### Activity
Nothing but the text should be carried over: reproduce all the data exactly and leave out every image.

━━ Information provided ━━

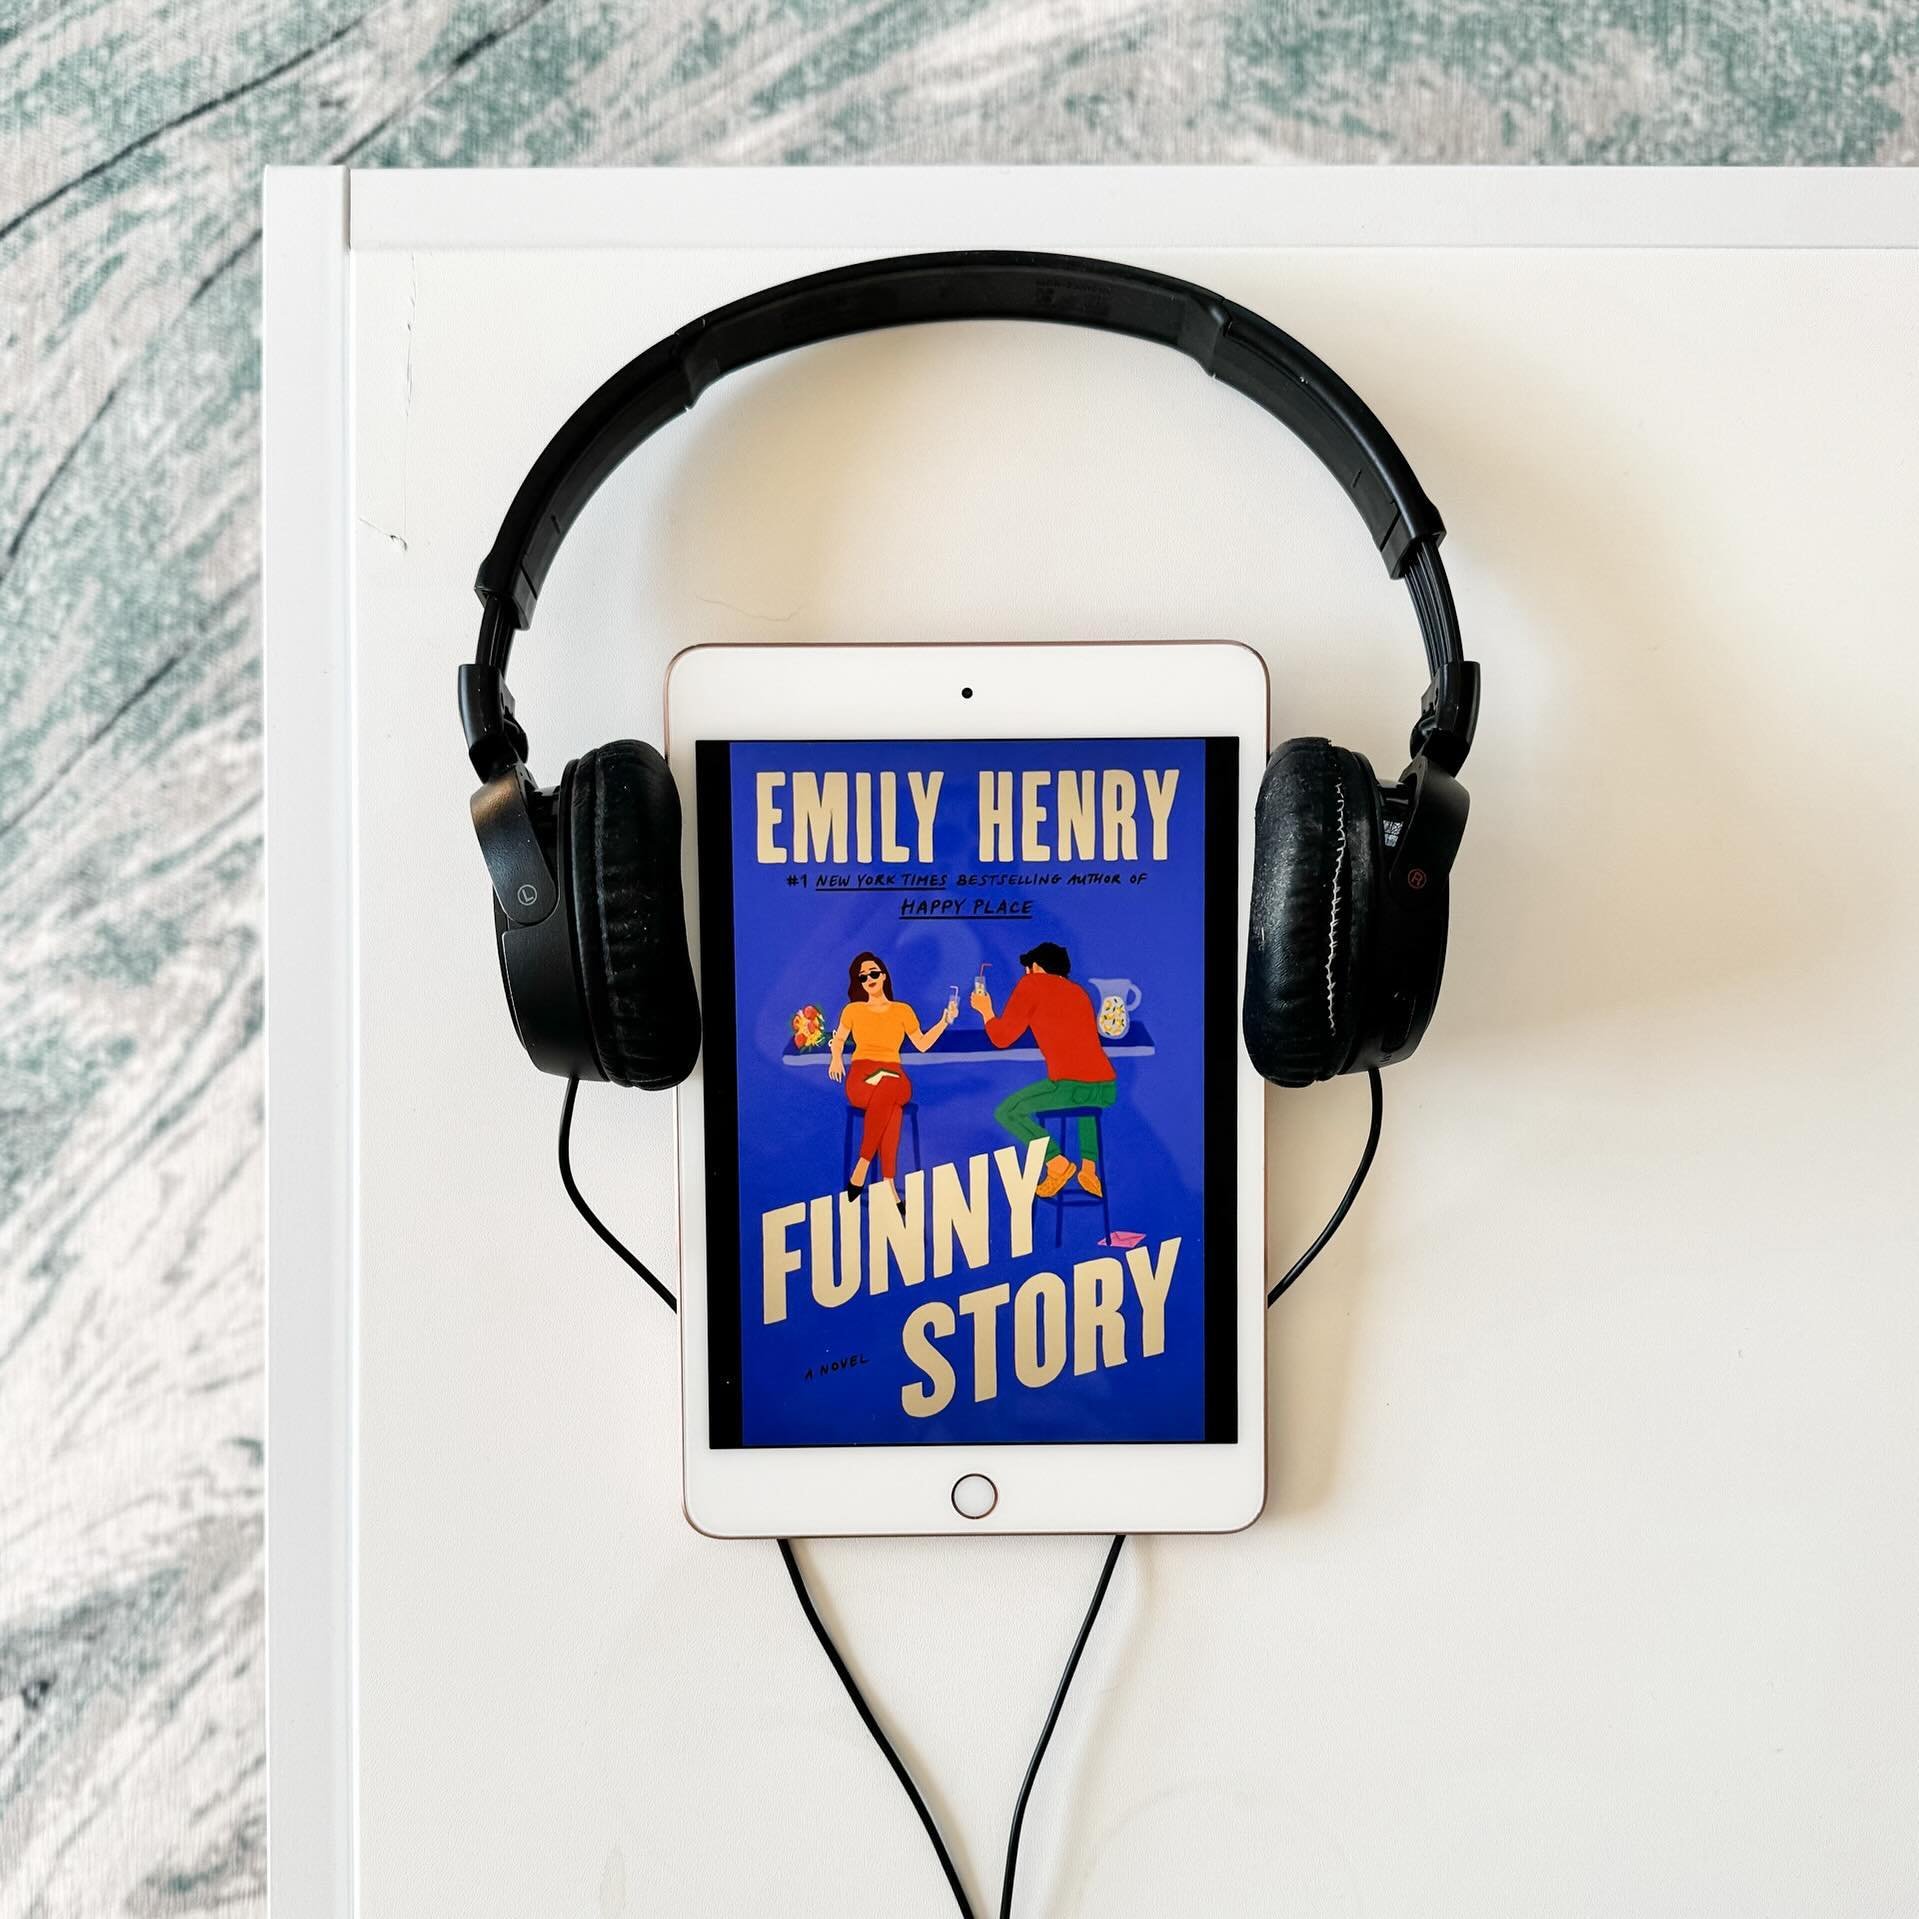 I probably don&rsquo;t even need to tell you this, but Emily Henry has indeed done it again, y&rsquo;all. I devoured this (via audiobook, ty @librofm @prhaudio!) in one sitting, and I loved every second. It&rsquo;s out 4/23!
⠀⠀⠀⠀⠀⠀⠀⠀⠀
ICYMI, Funny St
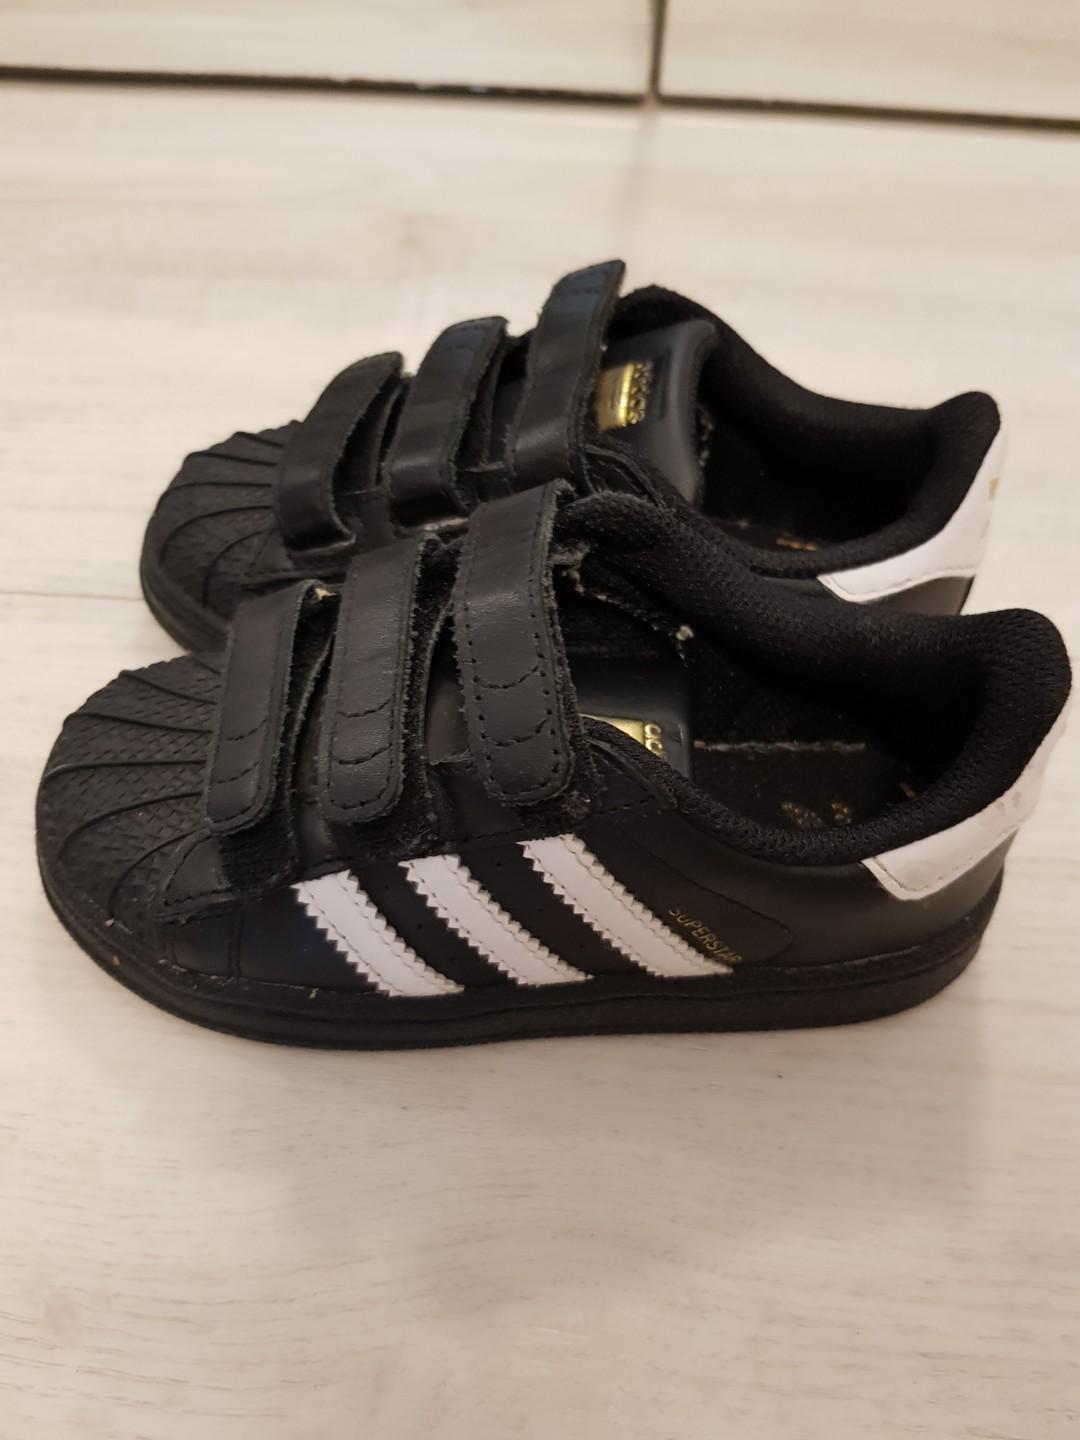 Adidas Superstar for Toddlers Size US 8

━━━

### Output below
 I probably don&rsquo;t even need to tell you this, but Emily Henry has indeed done it again, y&rsquo;all. I devoured this (via audiobook, ty @librofm @prhaudio!) in one sitting, and I loved every second. It&rsquo;s out 4/23!
⠀⠀⠀⠀⠀⠀⠀⠀⠀
ICYMI, Funny St
 Adidas Superstar for Toddlers Size US 8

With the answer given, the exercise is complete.